**Description of the task**: Word for word, restate the listing that follows and leave out the images.

**Given material**:
+++++

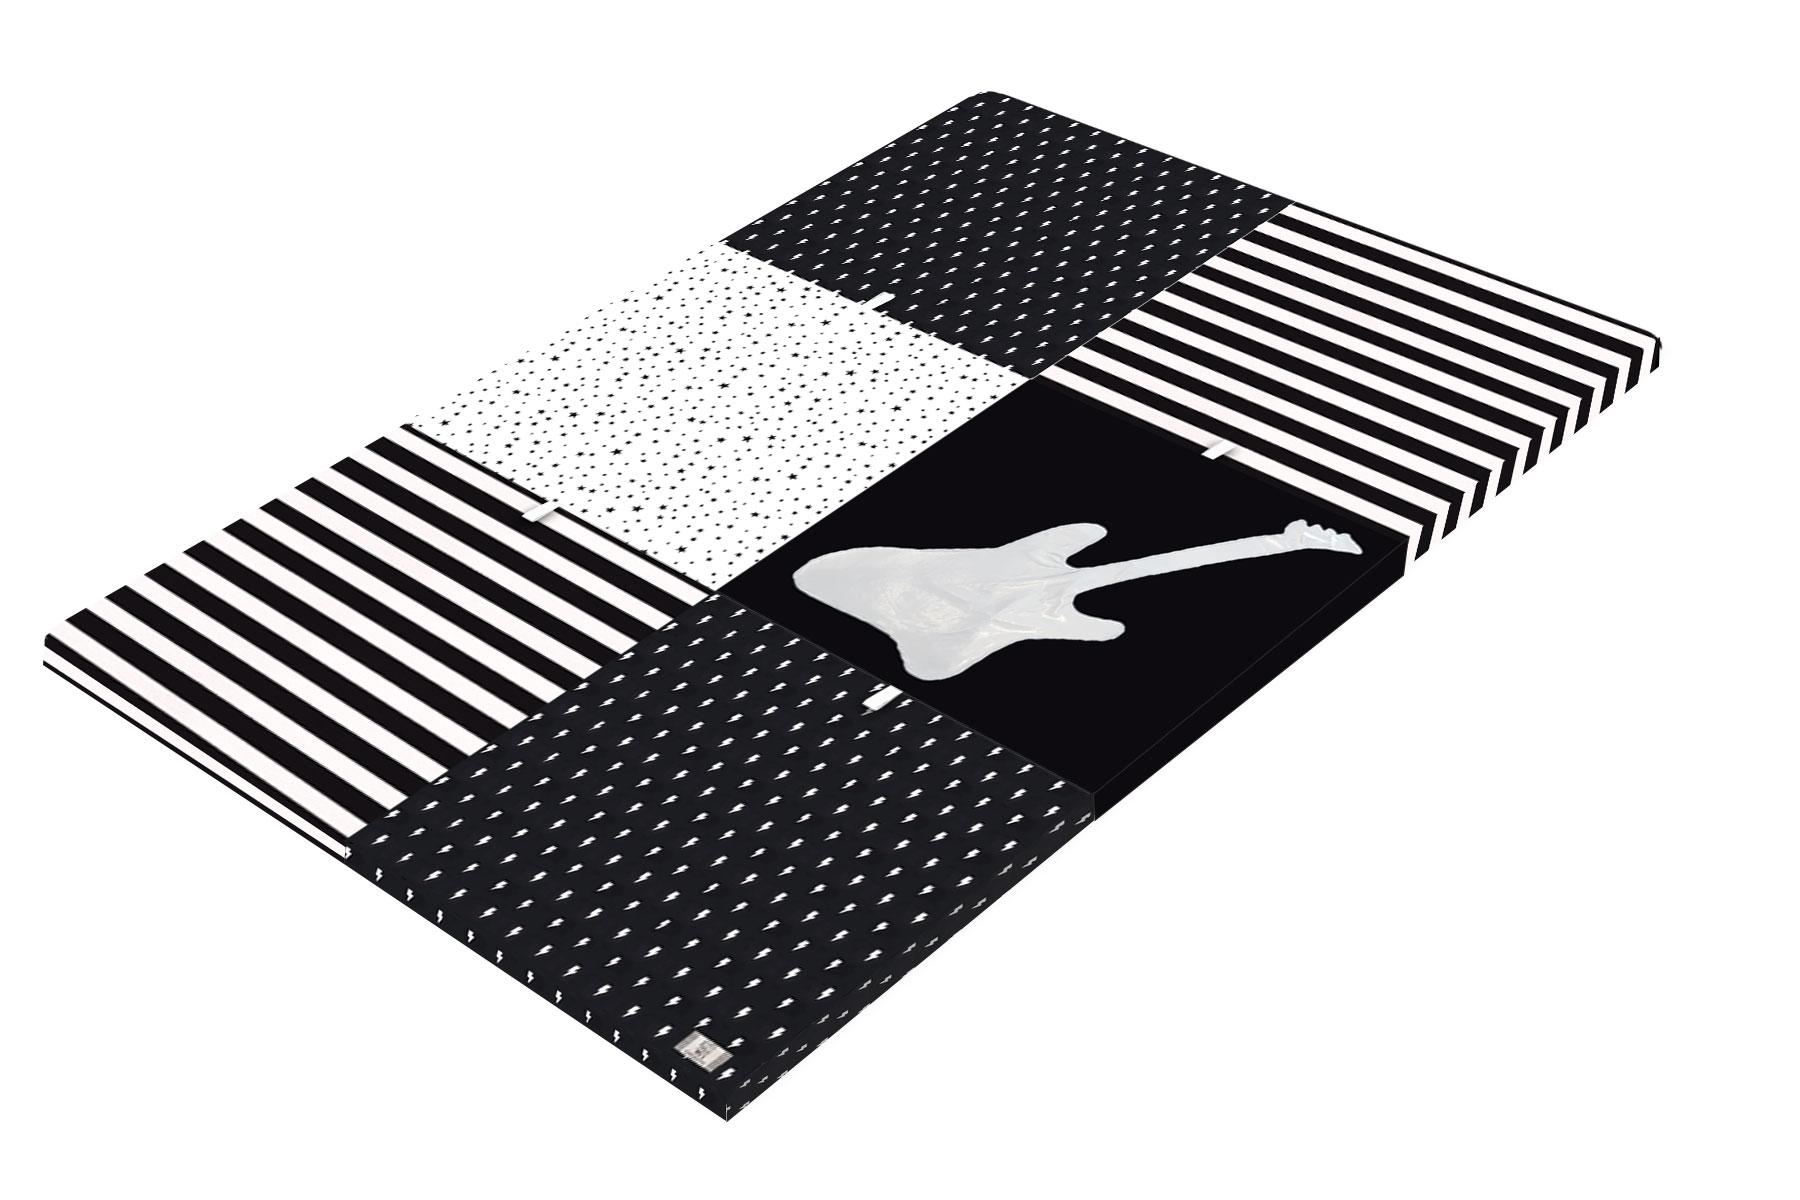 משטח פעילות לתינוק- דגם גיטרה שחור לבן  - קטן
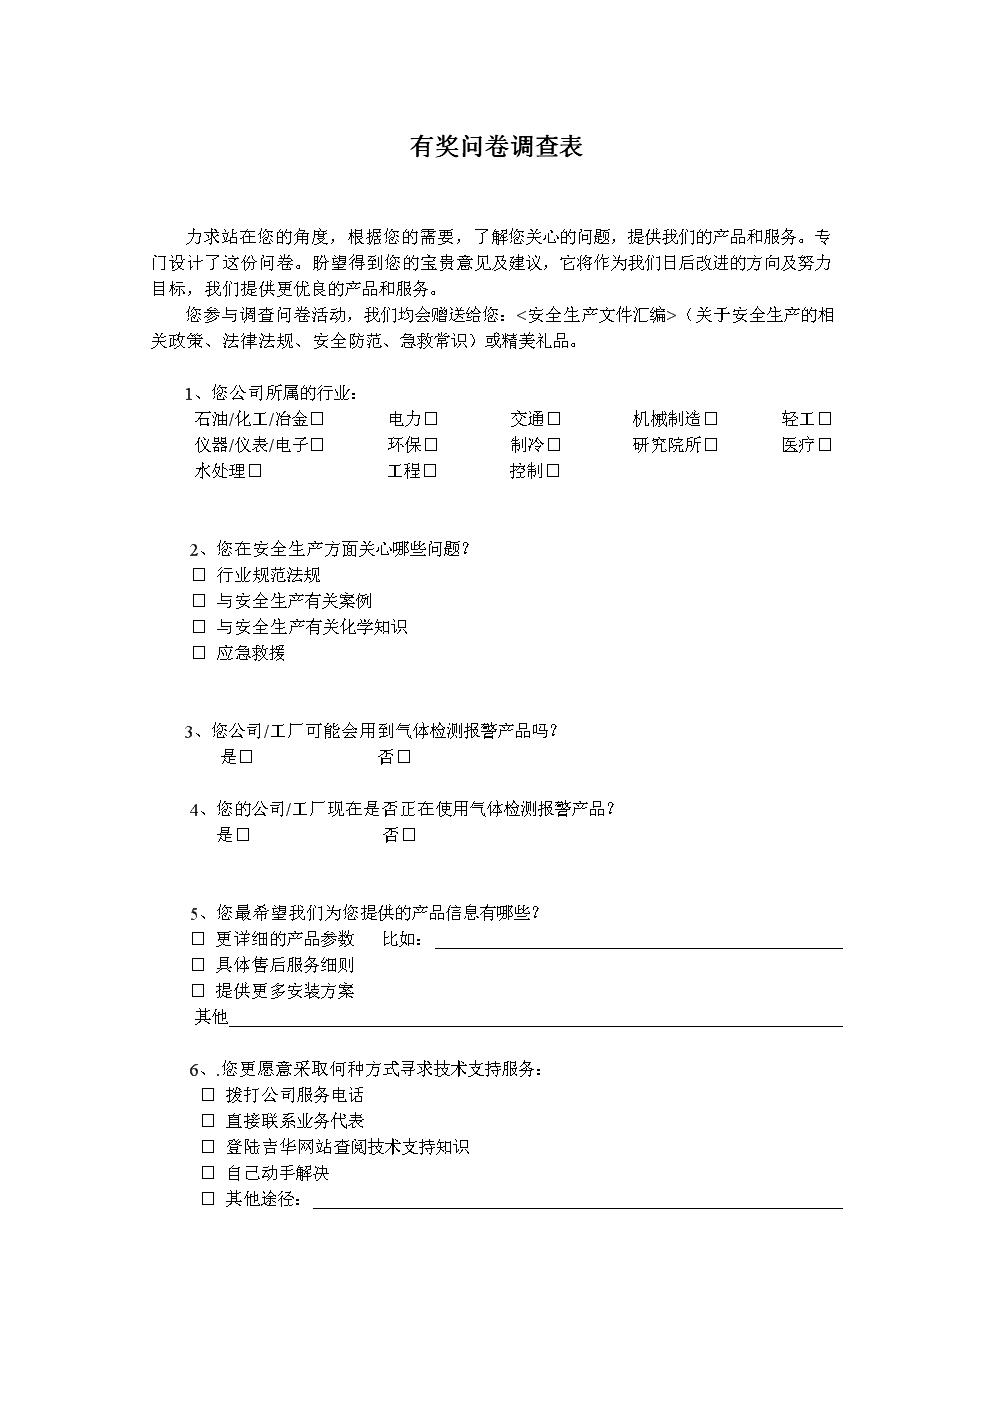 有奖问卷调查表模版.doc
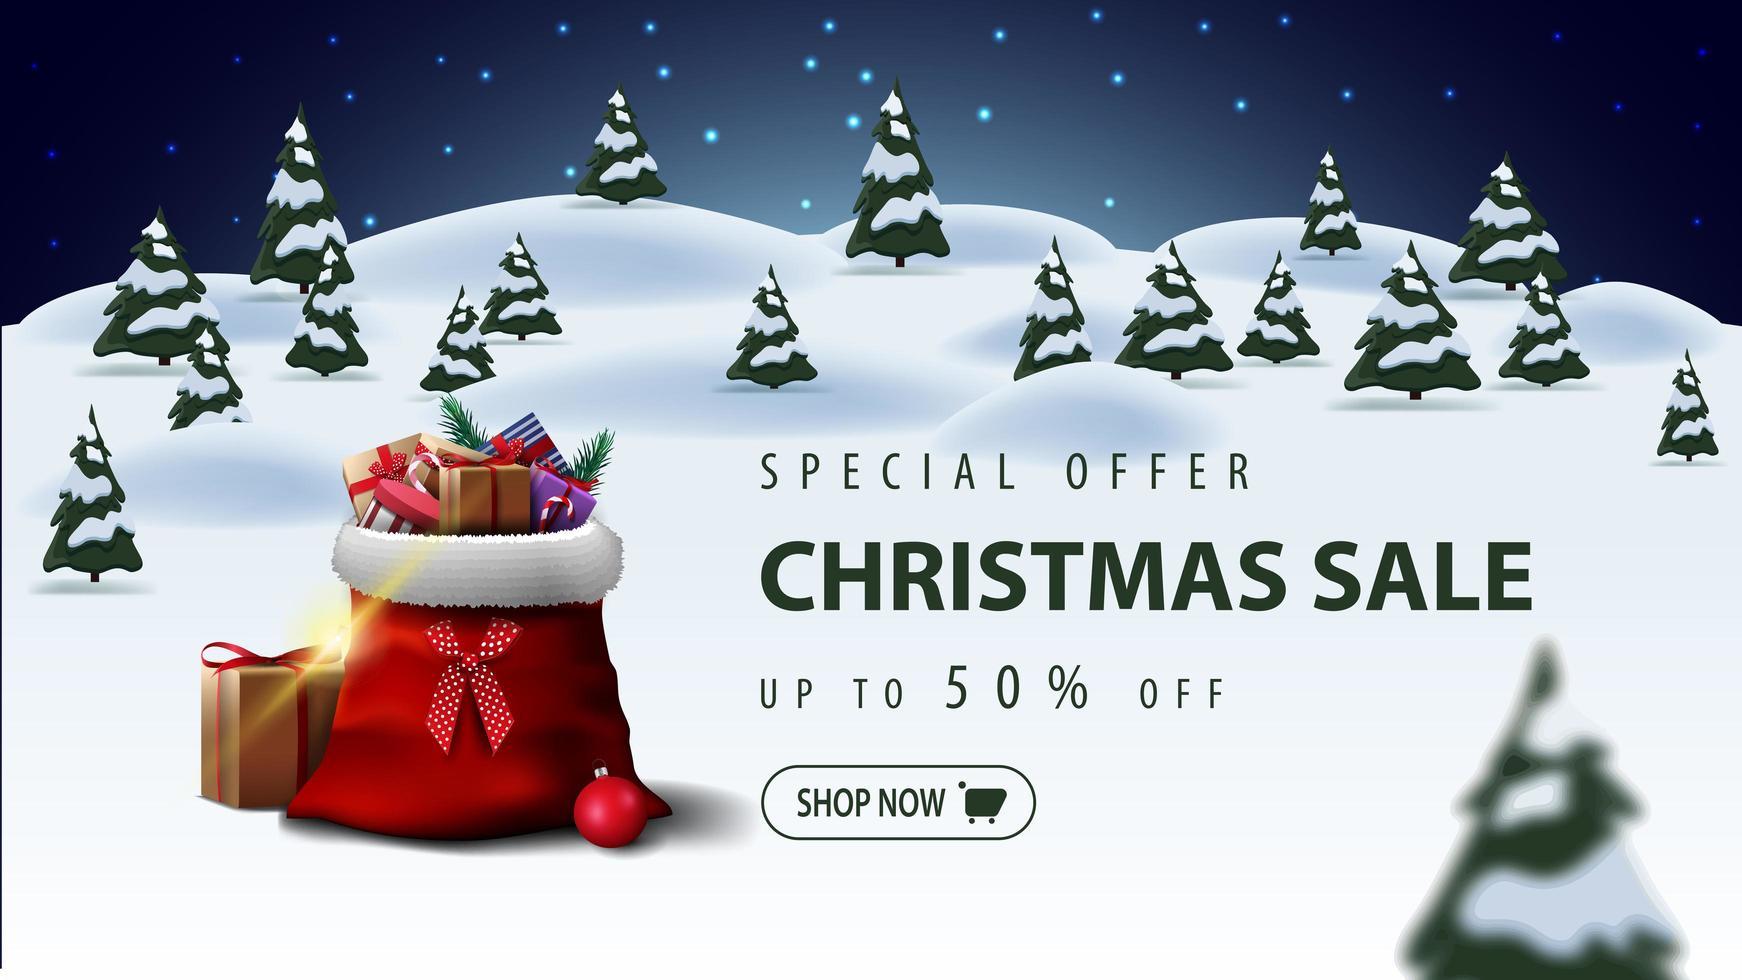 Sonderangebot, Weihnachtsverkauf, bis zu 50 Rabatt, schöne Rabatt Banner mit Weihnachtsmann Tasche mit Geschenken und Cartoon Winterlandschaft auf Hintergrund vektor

+++++

**Result**:
 משטח פעילות לתינוק- דגם גיטרה שחור לבן  - קטן
 有奖问卷调查表模版.doc
 Sonderangebot, Weihnachtsverkauf, bis zu 50 Rabatt, schöne Rabatt Banner mit Weihnachtsmann Tasche mit Geschenken und Cartoon Winterlandschaft auf Hintergrund vektor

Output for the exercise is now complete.